▸ EXERCISE: Everything in the listing must be repeated exactly, apart from the images.

▸ DATA SEGMENT:

──────

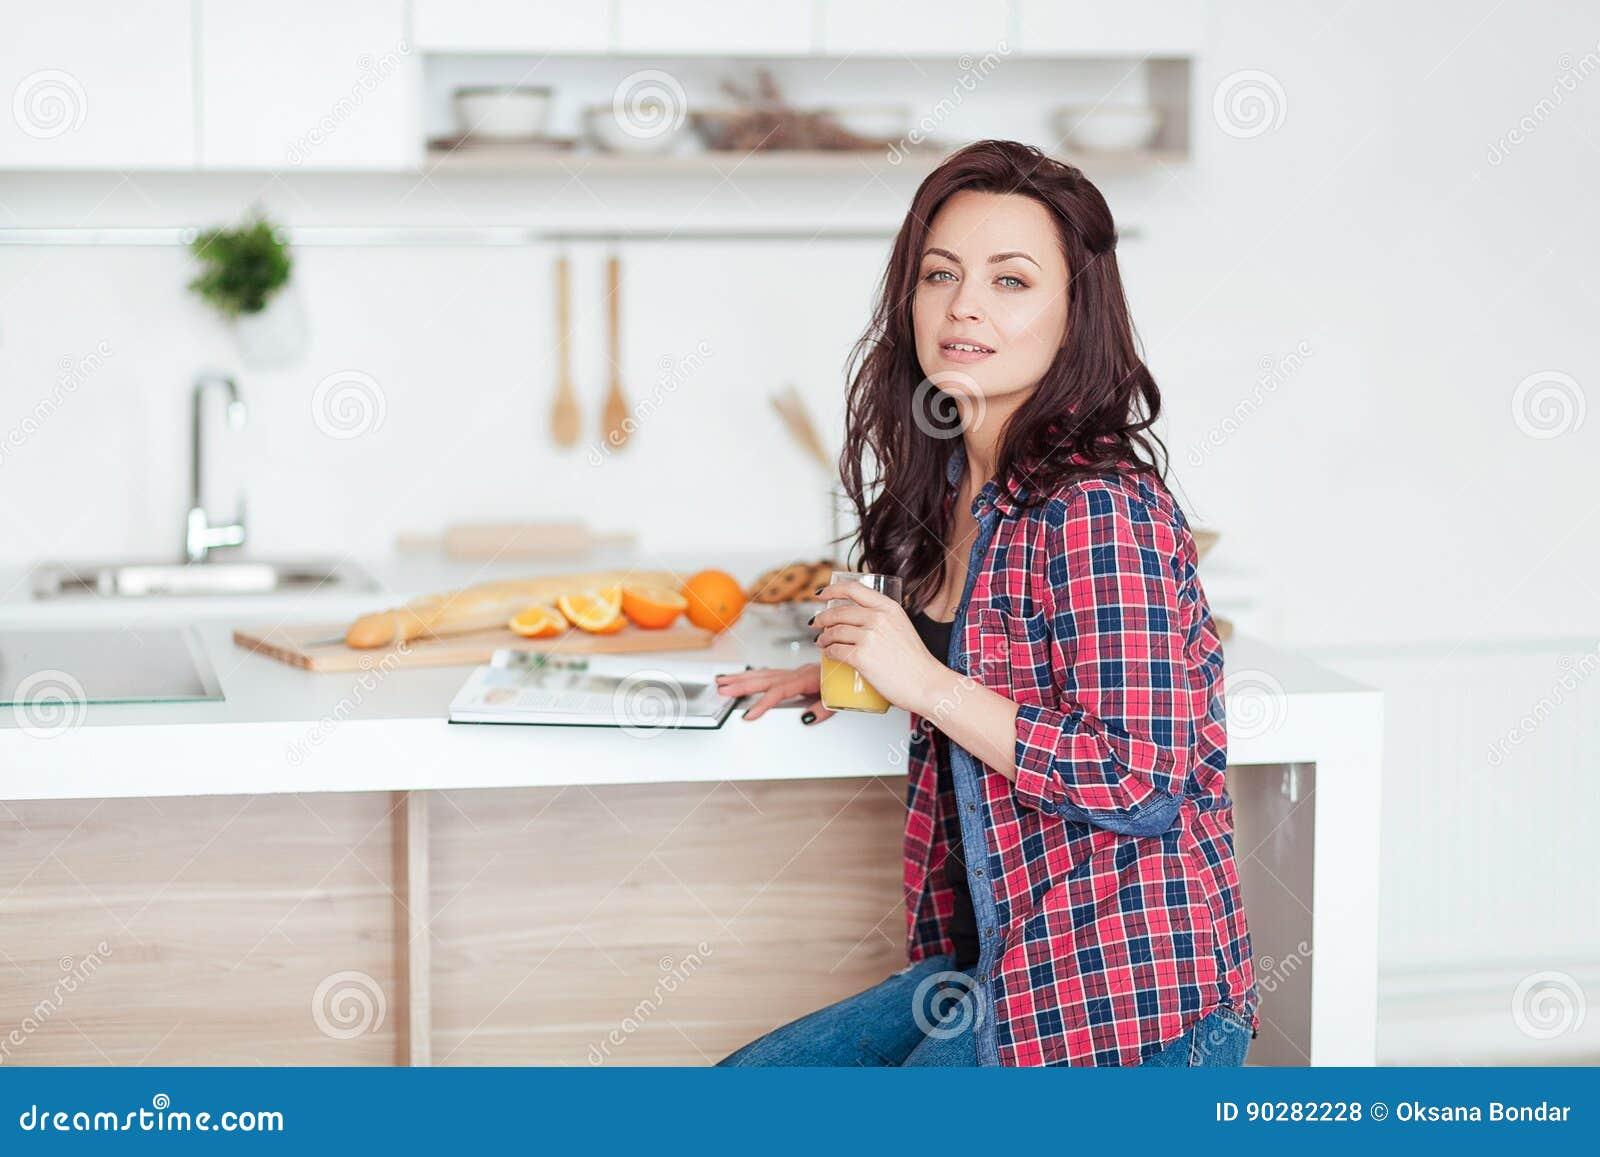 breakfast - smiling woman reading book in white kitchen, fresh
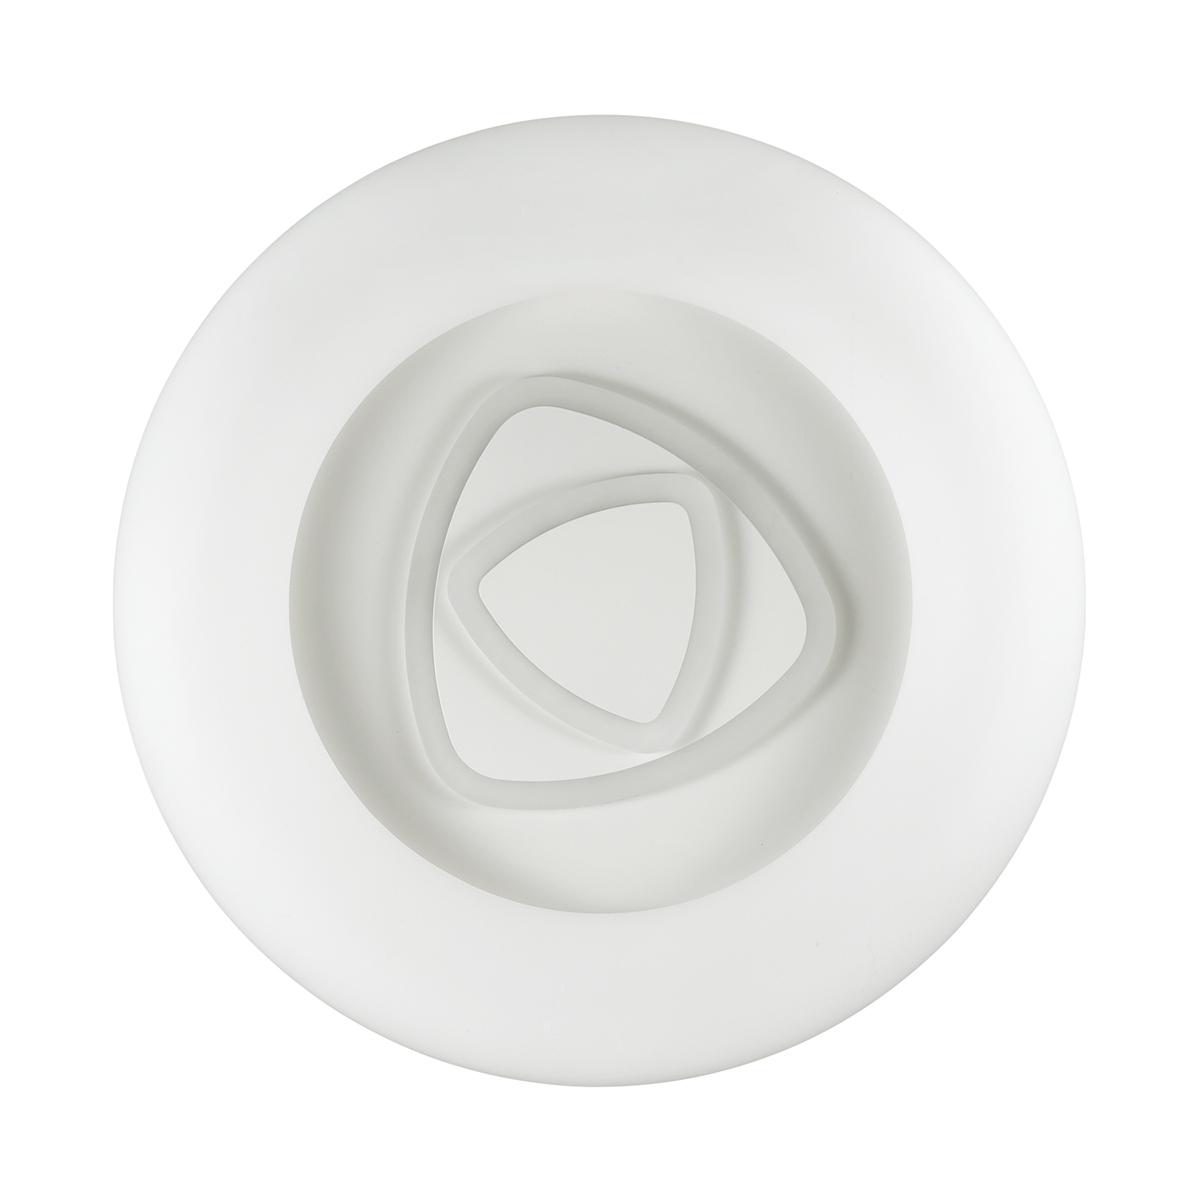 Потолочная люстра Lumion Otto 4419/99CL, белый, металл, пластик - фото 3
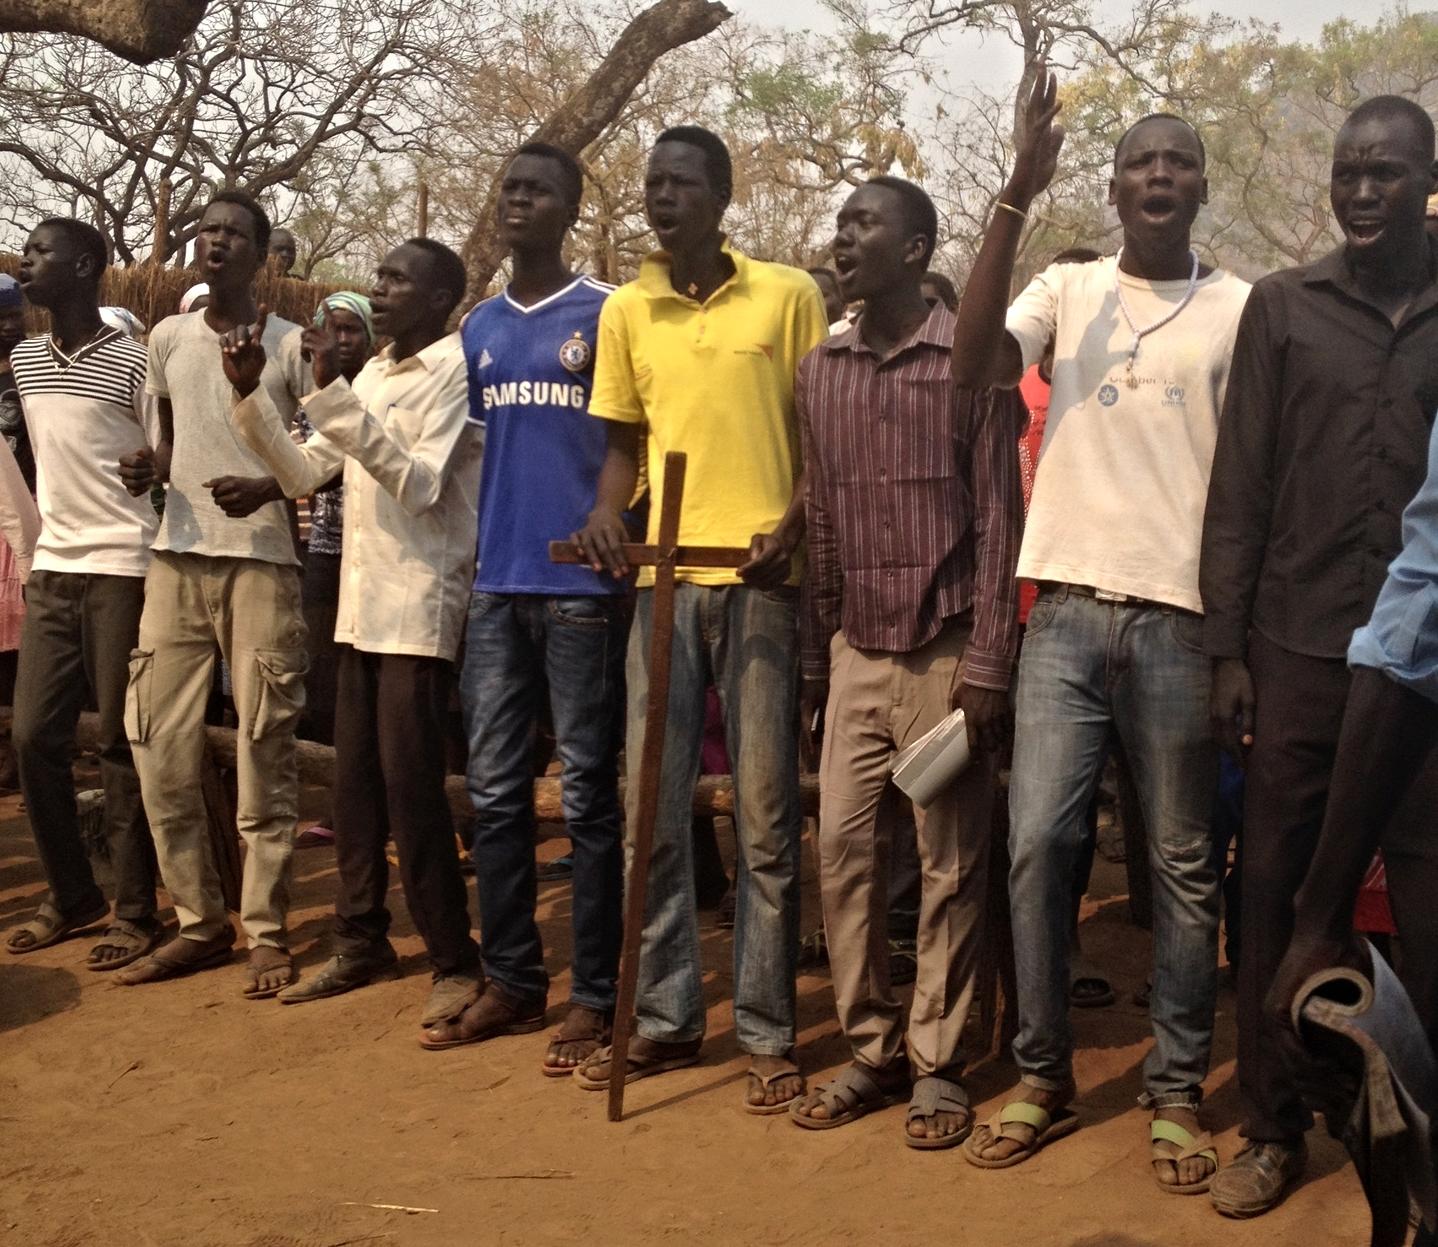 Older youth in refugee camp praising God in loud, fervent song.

──────

▸ RESULT BELOW:
 breakfast - smiling woman reading book in white kitchen, fresh
 Потолочная люстра Lumion Otto 4419/99CL, белый, металл, пластик - фото 3
 Older youth in refugee camp praising God in loud, fervent song.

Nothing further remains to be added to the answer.